# What is expected:
If pictures appear in the lines below, skip them and copy exactly the lines from the one containing "Les peintures religieuses" through the one containing "DSCN9104-1.jpg", and nothing else.
***** Input material
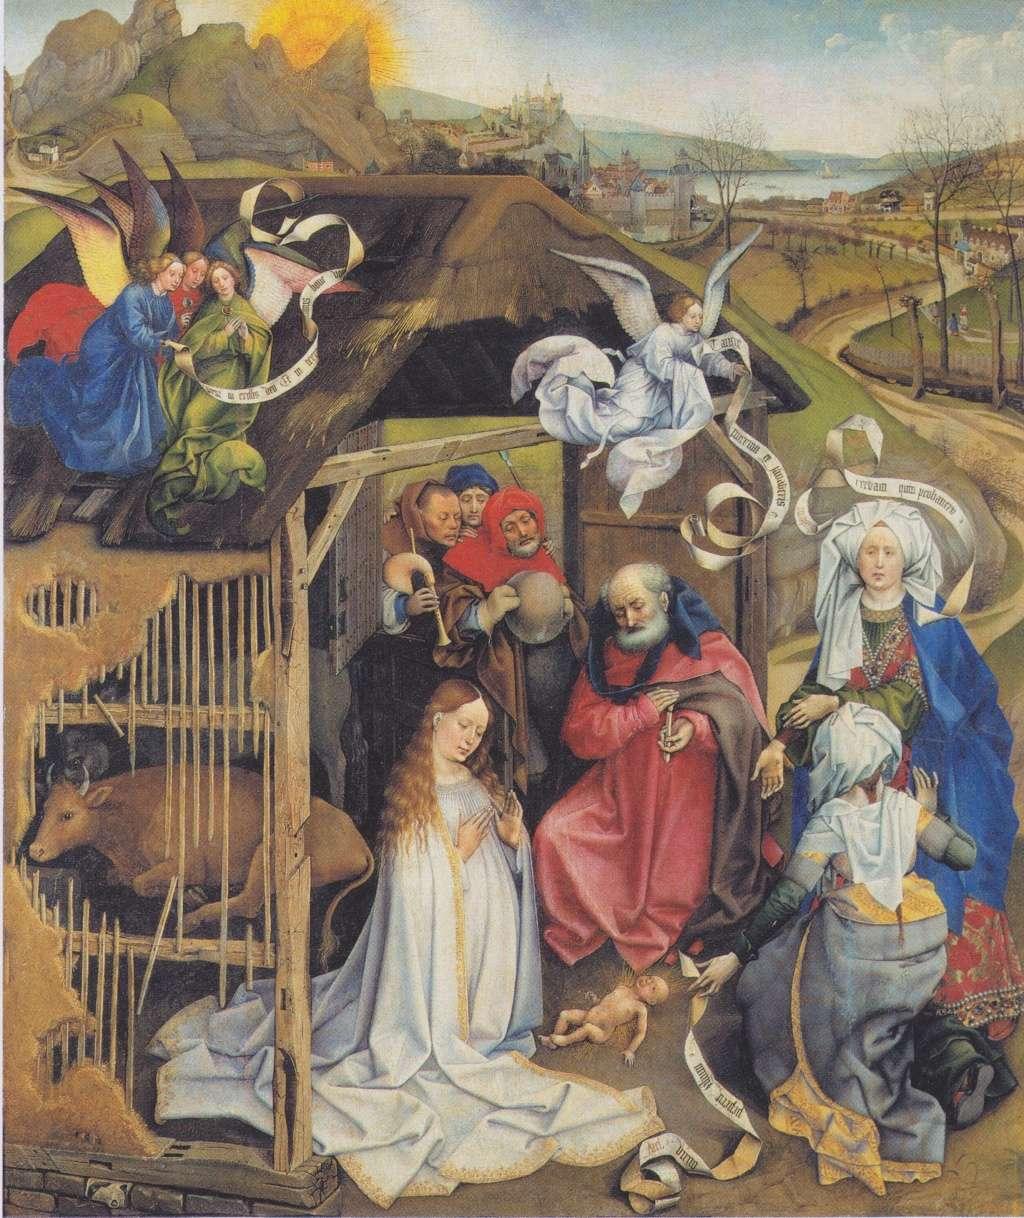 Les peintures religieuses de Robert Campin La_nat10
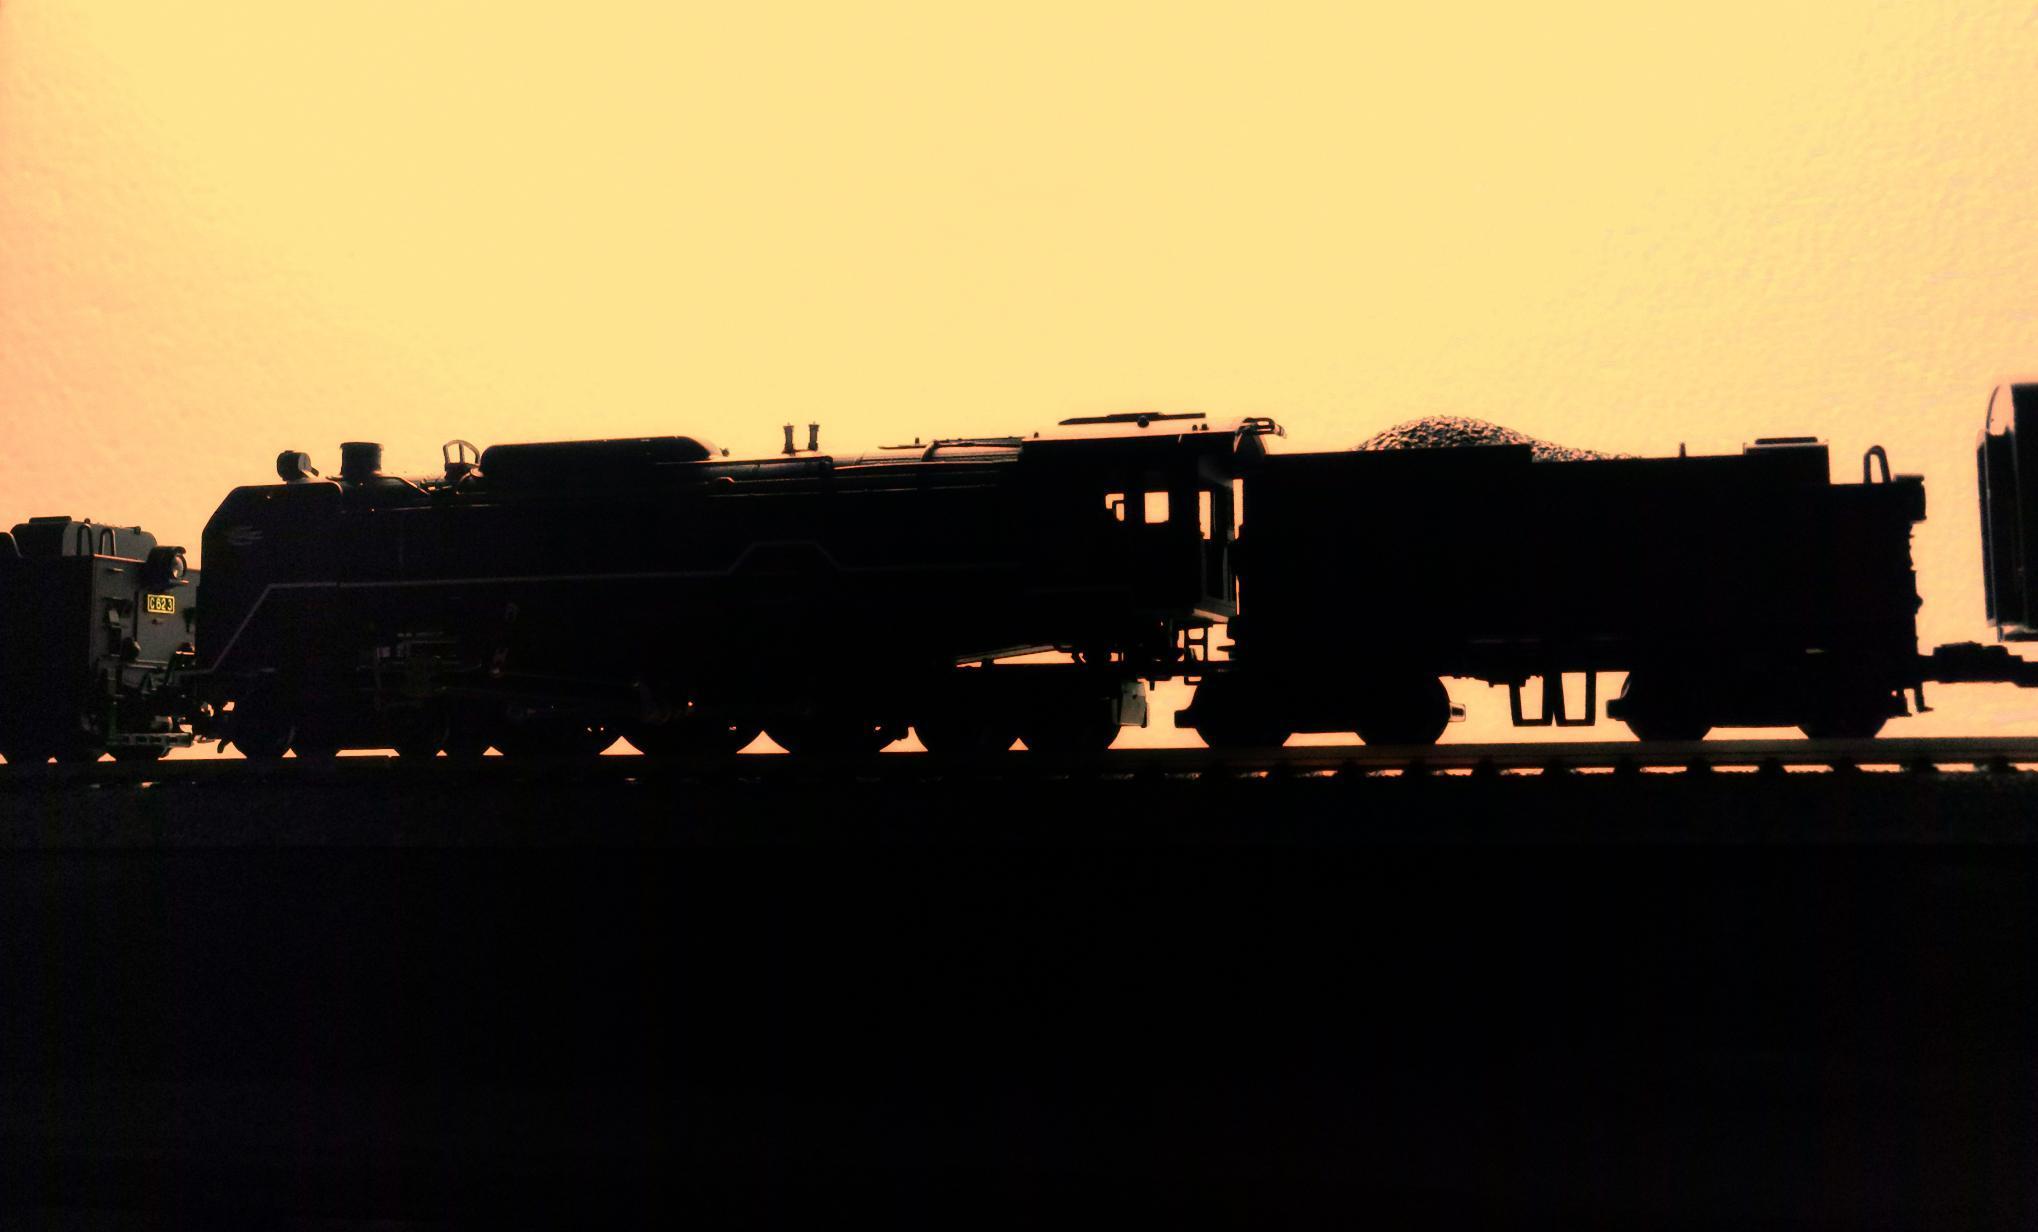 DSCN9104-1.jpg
**********
***** Input material
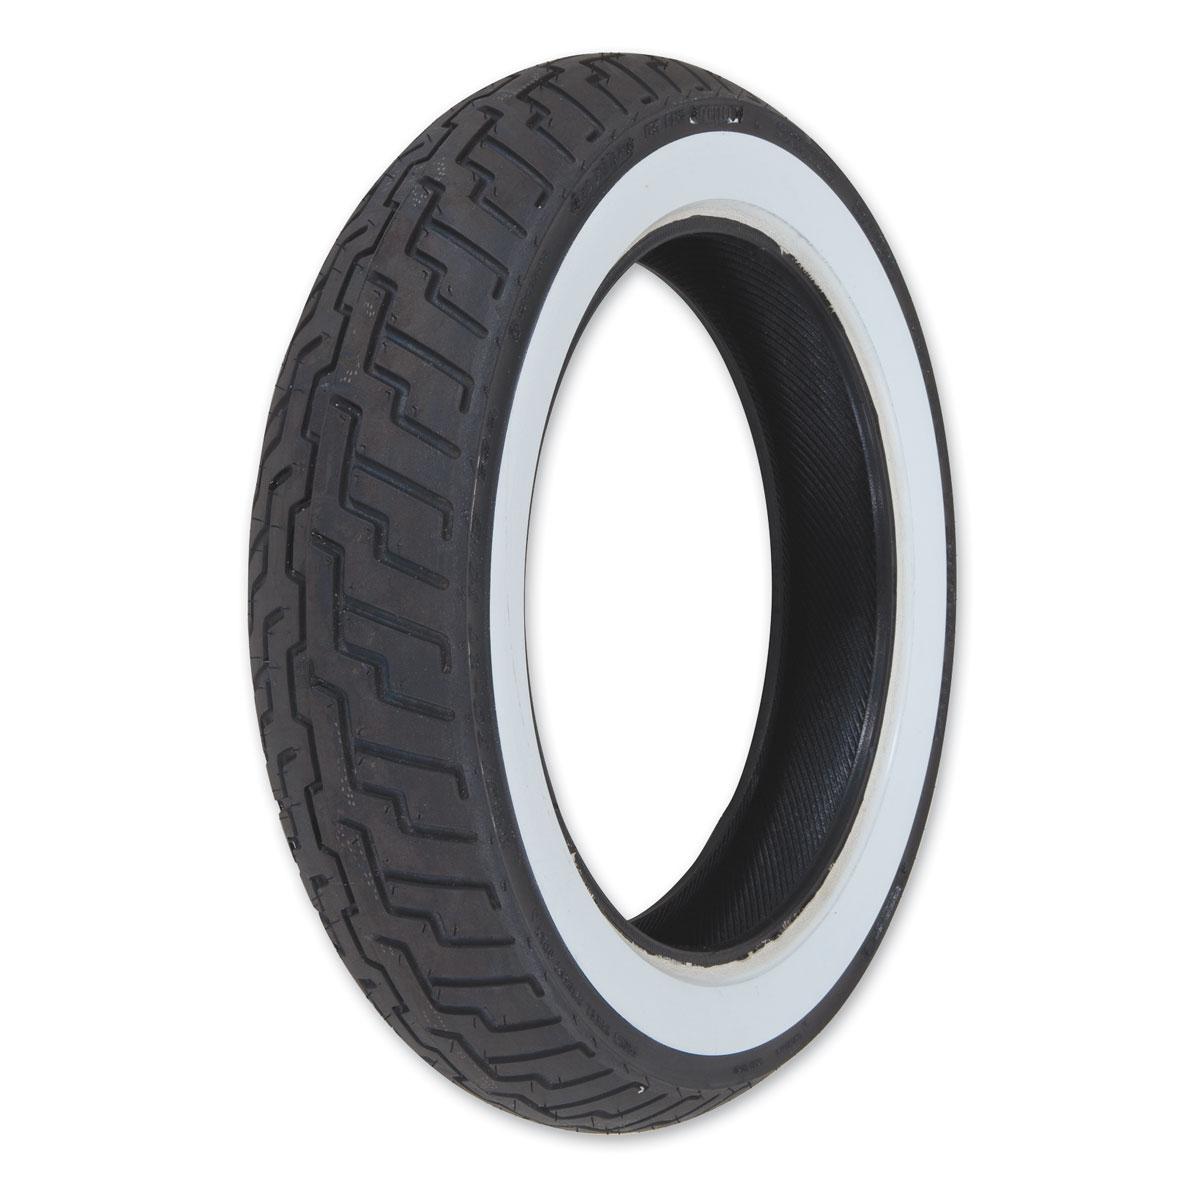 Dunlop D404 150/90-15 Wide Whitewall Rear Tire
**********
# Answer area:
 Les peintures religieuses de Robert Campin La_nat10
 DSCN9104-1.jpg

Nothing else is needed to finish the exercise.